Journal de l'année Édition 1978 1978Éd. 1978

En face, du côté de la majorité, le ton est beaucoup moins résolu et l'atmosphère est au pessimisme. Maire de Paris depuis les élections de mars 1977, Jacques Chirac ne laisse pas passer une occasion de se poser en s'opposant au Premier ministre, aux autres partis de la majorité, parfois même au président de la République. Le Rassemblement pour la République qu'il préside réussit tant bien que mal à maintenir l'ambiguïté de sa tactique, à apparaître comme une force de proposition, et à l'occasion de contestation, au sein de la majorité.

Lorsque cette dernière se réunit à son tour au sommet le 19 juillet, les divergences, les rivalités et les querelles l'emportent, et de loin, sur les convergences et les points d'entente. Ce sommet n'en est d'ailleurs pas vraiment un puisque le parti radical, dont Jean-Jacques Servan-Schreiber avait repris le 15 mai la présidence après avoir battu Edgar Faure, est exclu de la rencontre.

L'été de la contestation, l'augmentation spectaculaire du chômage, la hausse des prix qui ne cède point, l'inquiétude visible des milieux patronaux et des dirigeants de l'économie, le désarroi des chefs et des partis de la majorité, les sondages qui donnent un à deux points d'avance à l'opposition, le souvenir des municipales qui, tous comptes faits et refaits, lui en accordaient quatre, bref tout semble renforcer une gauche unie et dynamique, tout paraît affaiblir un camp gouvernemental divisé et démoralisé.

Valéry Giscard d'Estaing peut bien charger solennellement Raymond Barre, dans son discours de Carpentras le 8 juillet 1977, de mettre au point un « programme d'action pour la législature », réplique au programme commun ; s'adresser le 18 août dans la Meuse aux agriculteurs, base de l'électorat majoritaire ; annoncer le 23, en visitant le Parc national des Écrins, la création d'un Conseil d'information électronucléaire pour désamorcer les manifestations écologiques, rien n'y fait.

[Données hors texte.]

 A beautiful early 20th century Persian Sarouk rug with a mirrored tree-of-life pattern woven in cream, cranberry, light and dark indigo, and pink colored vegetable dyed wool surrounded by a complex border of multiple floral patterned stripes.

Et pas davantage les voyages de R. Barre qui, en six semaines, se rend à Quimper, à Montpellier, à Colmar, à Charleville-Mézières, à Toulouse pour interroger la « France profonde » avant de promettre de relancer l'activité économique, de s'attaquer aux maux dont elle souffre : le chômage, l'inflation, la stagnation.

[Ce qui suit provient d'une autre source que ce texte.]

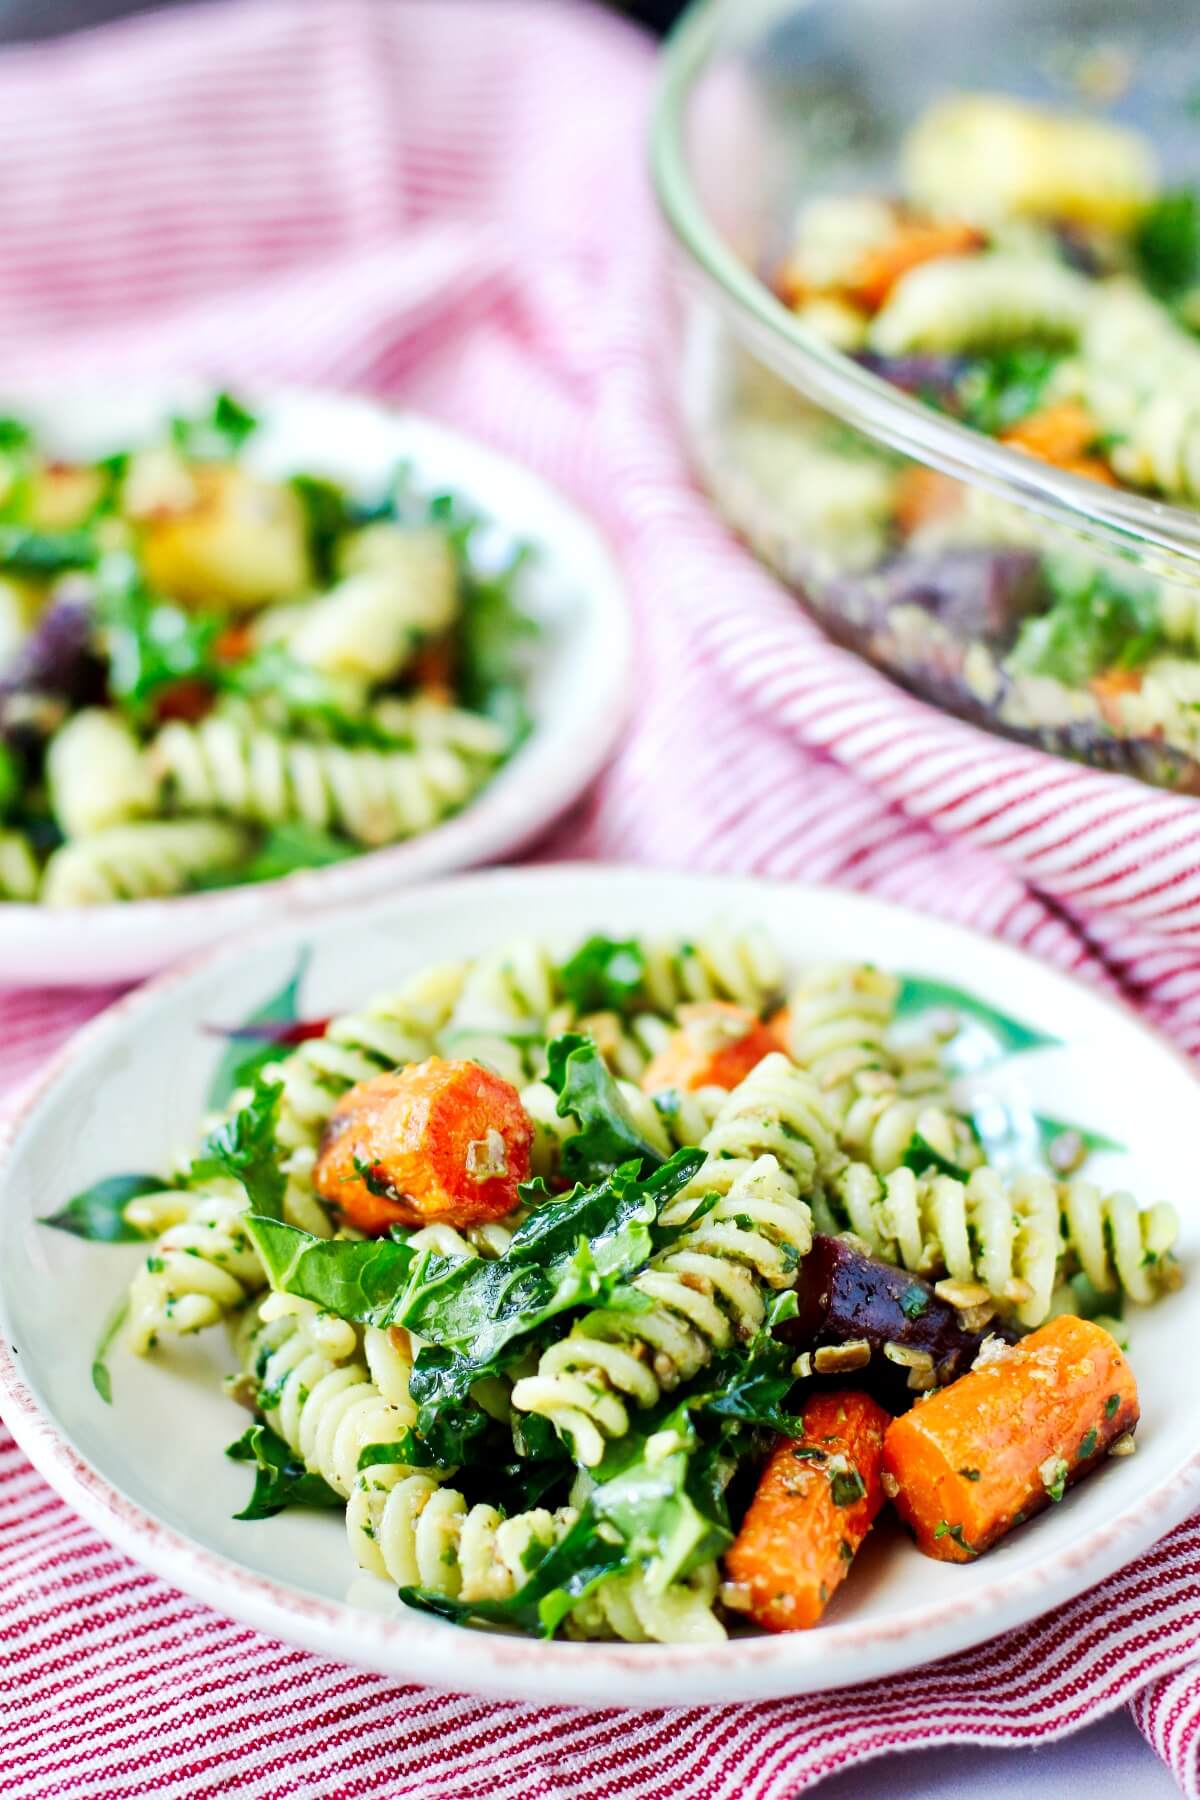 Pasta Salad with Roasted Carrots and Kale | Karen's Kitchen Stories

23 septembre 1977 : rupture au sein de la gauche

La rentrée politique, dès les premiers jours de septembre, est fiévreuse. Le 5, la majorité publie son Manifeste, qui passe presque inaperçu. La gauche reprend ses négociations. On commence à se préoccuper des élections sénatoriales, fixées au 25 septembre : elles n'apporteront guère de bouleversements, confirmant toutefois l'efficacité des accords entre socialistes et communistes et marquant du même coup un certain rajeunissement du Sénat. Accessoirement, cette consultation provoquera un remaniement ministériel, trois des élus — Jean-Pierre Fourcade, Christian Poncelet et Pierre-Christian Taittinger — préférant leur mandat sénatorial à leurs fonctions gouvernementales, que conserve en revanche un quatrième sénateur réélu, René Monory.

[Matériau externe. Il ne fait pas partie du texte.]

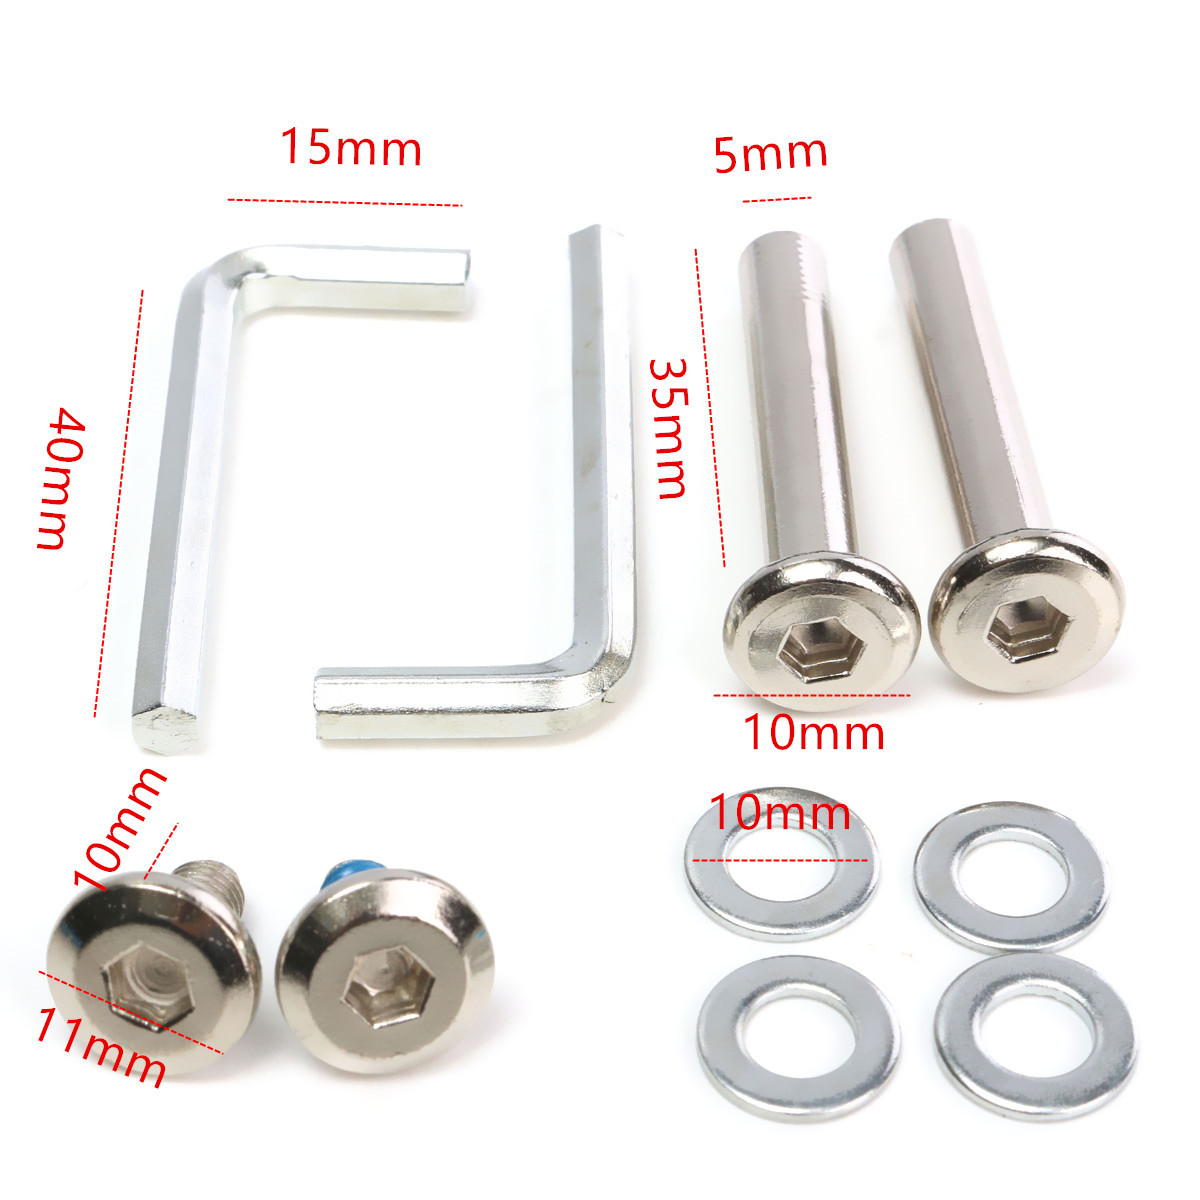 2pcs--Luggage-Suitcase-Replacement-Wheels-Axles-Deluxe-Repair-50times22mm-1041373-3

Mais les sénatoriales vont être éclipsées par la rupture au sein de la coalition du programme commun. Les difficultés qui se sont élevées entre les communistes et leurs partenaires s'aggravent. Le PC réclame l'inscription dans le programme commun du SMIC à 2 400 F, une liste beaucoup plus longue d'entreprises à nationaliser, comprenant notamment les filiales des neuf sociétés déjà visées, la nationalisation à la carte sur la demande du personnel. Il veut aussi remettre en chantier les chapitres relatifs à l'Europe et à la Défense, il s'insurge contre l'idée d'un référendum nucléaire, il élève des objections nouvelles et formule des exigences inattendues. Les groupes de travail n'avancent pas dans leur tâche. Le 14 septembre, un sommet est convoqué et c'est l'incident : le président des radicaux de gauche, Robert Fabre, claque la porte et s'en va. Le lendemain, il s'affronte durement à la télévision, sur toutes ces divergences et quelques autres, avec Georges Marchais. Le 23 enfin, un nouveau sommet aboutit à la rupture. On se sépare après avoir pris acte des désaccords, chacun rejetant sur l'autre la responsabilité de l'échec.